Git is a tool that automates and enhances a lot of the tasks that arise when dealing with larger, longer-living, and collaborative projects. It’s also become the common underpinning to many popular online code repositories, GitHub being the most popular.

While it can be used collaboratively, this tutorial focuses on a single-user git repository for the most basic operations.

Agenda

In this tutorial, you will learn how to create a git repo, and begin working with it.

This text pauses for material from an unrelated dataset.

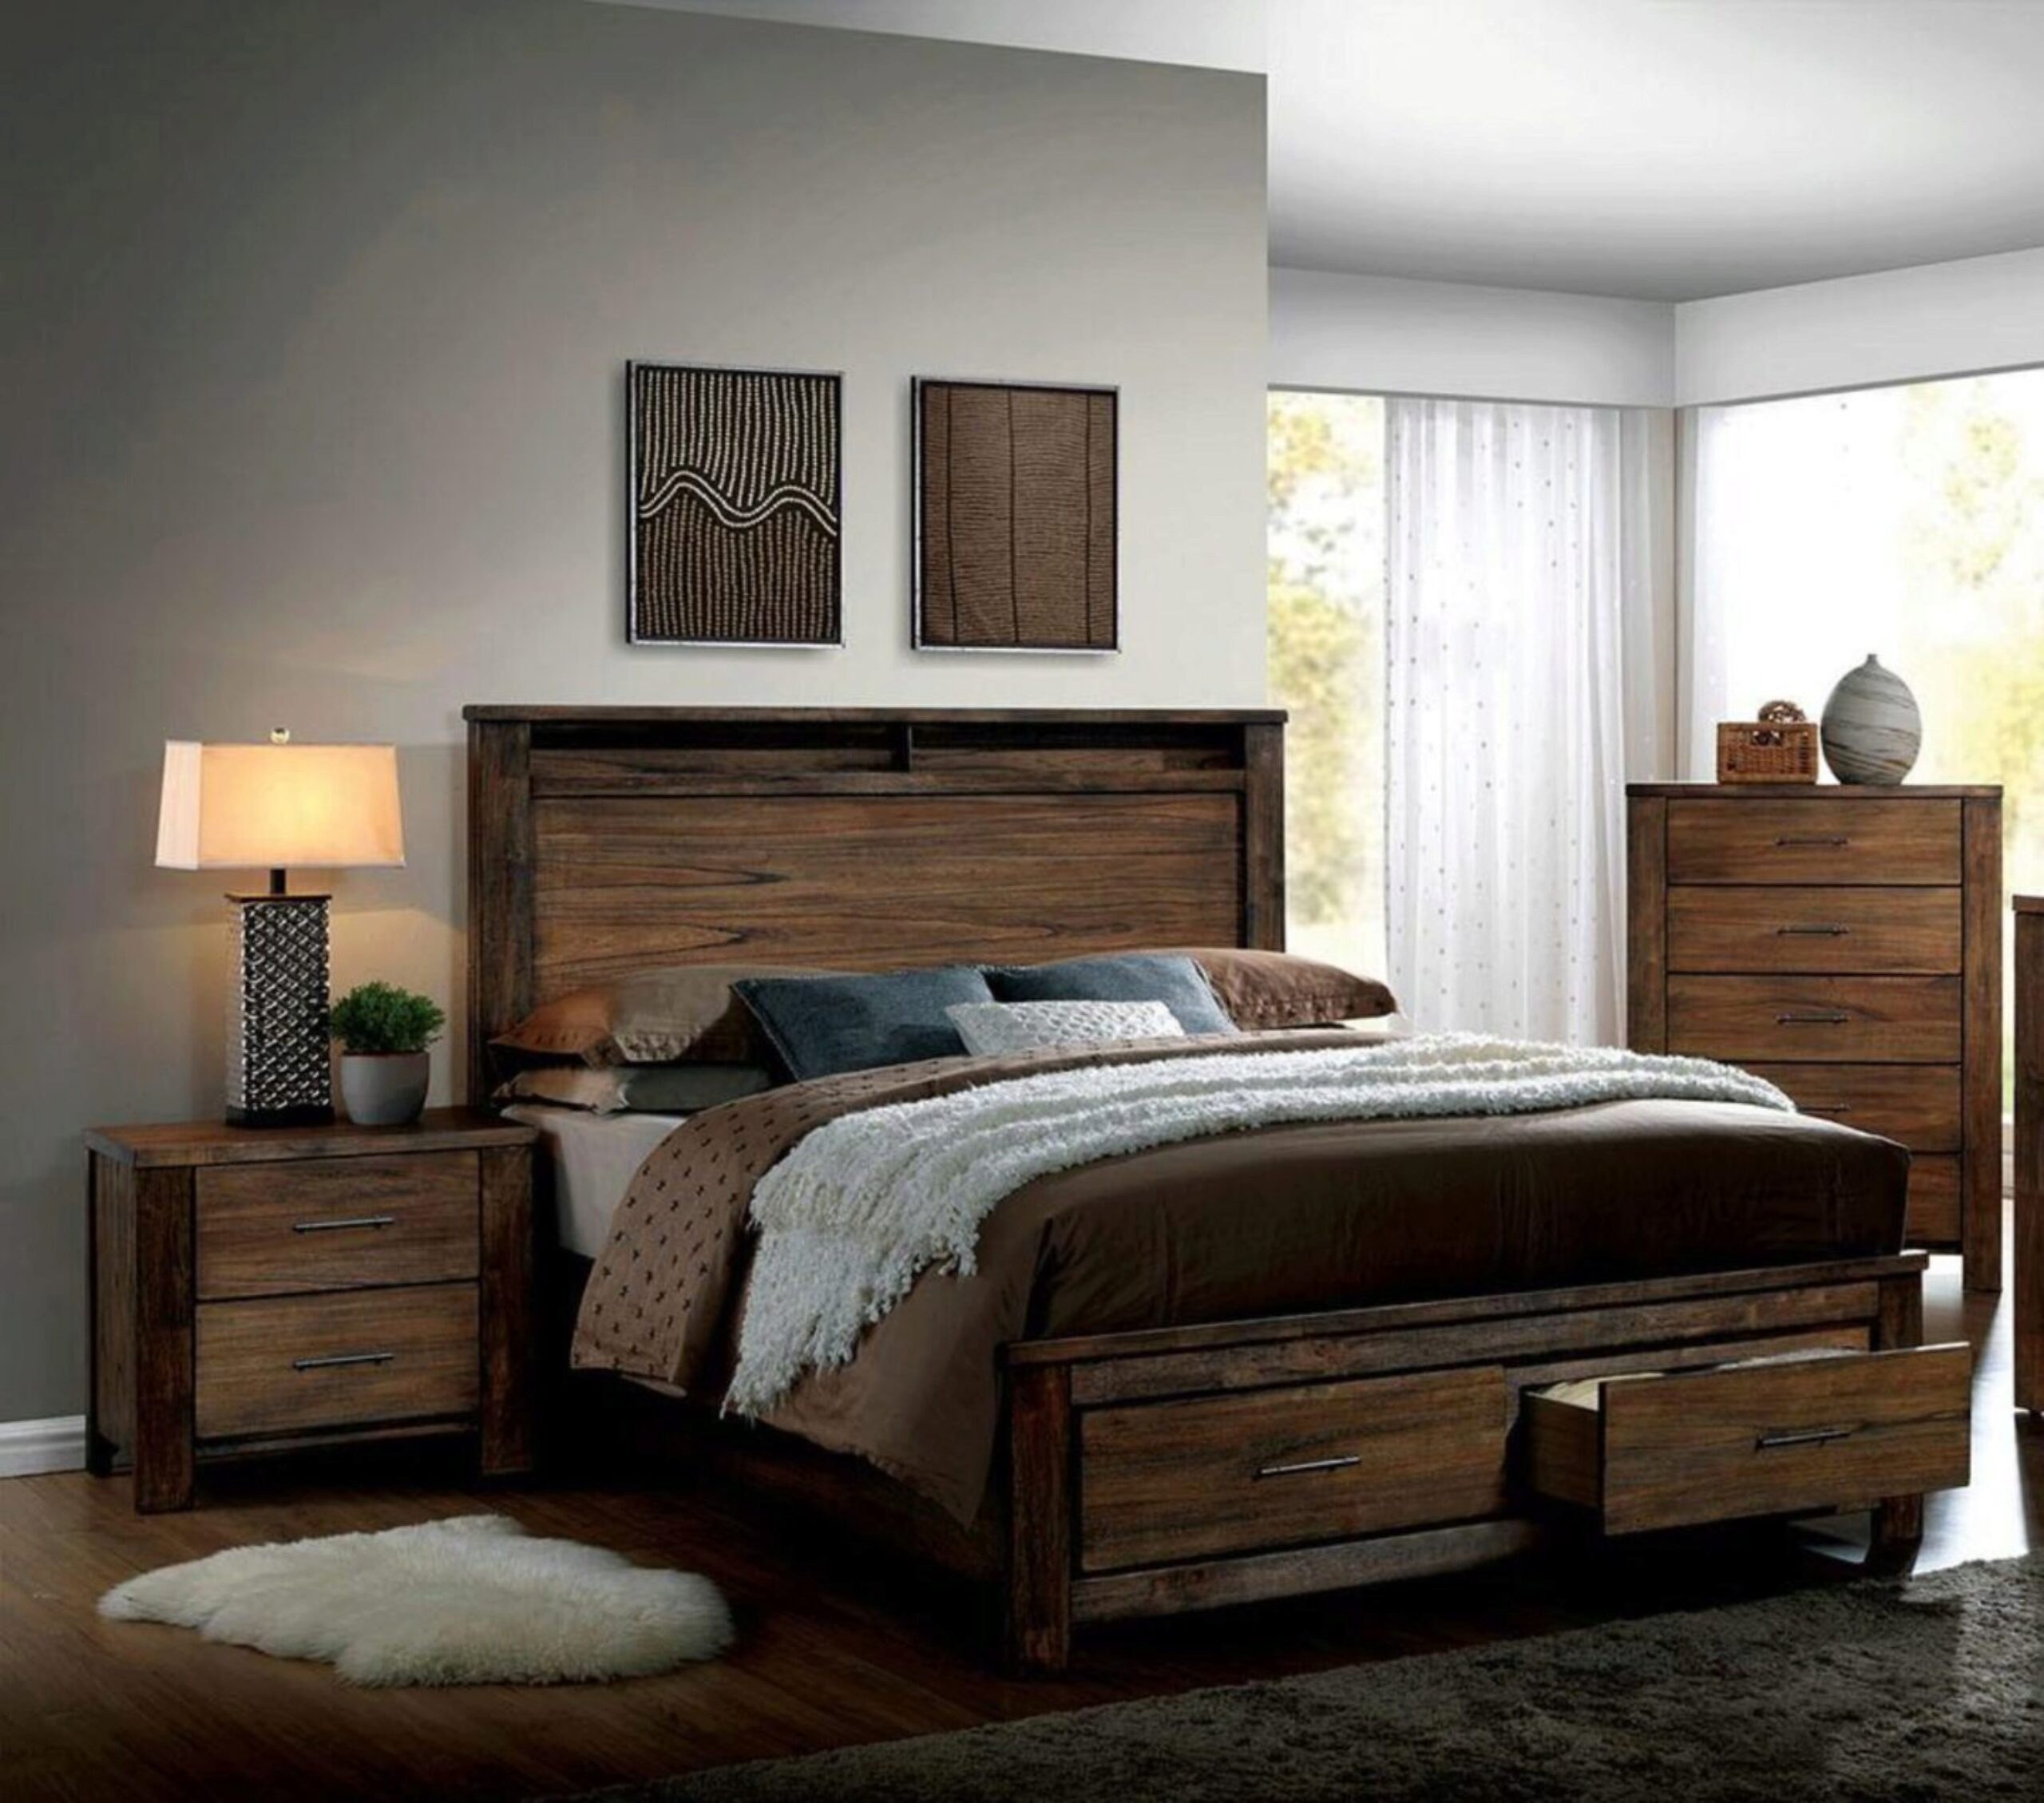 Спальня мебель дерево. Спальня с деревянной мебелью. Мебель под дерево для спальни. Спальня с деревянной мебелью в современном стиле. Спальный гарнитур из дерева.

  1. Why should you use version control?
  2. Pre-requisites
  3. Setting up a Repository
  4. Adding Files
  5. Logs
  6. Branching
  7. Undo! Revert!
  8. Further Reading

Why should you use version control?

If you ask 10 people, you’ll get 10 different answers, but one of the commonalities is that most people don’t realize how integral it is to their development process until they’ve started using it. Still, for the sake of argument, here are some highlights:

  • You can undo anything: Git provides a complete history of every change that has ever been made to your project, timestamped, commented, and attributed. If something breaks, you always have the choice of going back to a previous tate.
  • You won’t need to keep undo-ing things: One of the advantages of using git properly is that by keeping new changes separate from a stable base, you tend to avoid the massive rollbacks associated with constantly tinkering with a single code.
  • You can identify exactly when and where changes were made (and by whom!): Git allows you to pinpoint when a particular piece of code was changed, so finding what other pieces of code a bug might affect or figuring out why a certain expression was added is easy.
  • Git forces teams to face conflicts directly: On a team-based project, many people are often working with the same code. By having a tool which understands when and where files were changed, it’s easy to see when changes might conflict with each other. While it might seem troublesome sometimes to have to deal with conflicts, the alternative—not knowing there’s a conflict—is much more insidious.

Pre-requisites

You will need to install git, if you have not done so already.

Setting up a Repository

Let’s create a new repository.

Hands-on: Create a Repository
  1. Make a new directory where you will store your files, and navigate into it.

    Input: Bash
    mkdir git-tutorial; cd git-tutorial;
    
  2. Create or “initialise” the git repository with the git init command.

    Input: Bash
    git init
    
    Output
    Initialized empty Git repository in /tmp/project/.git/
    

This has created a folder .git in your project directory, here is where git stores all of it’s data that it needs to track repository changes over time. It’s not terribly interesting yet though!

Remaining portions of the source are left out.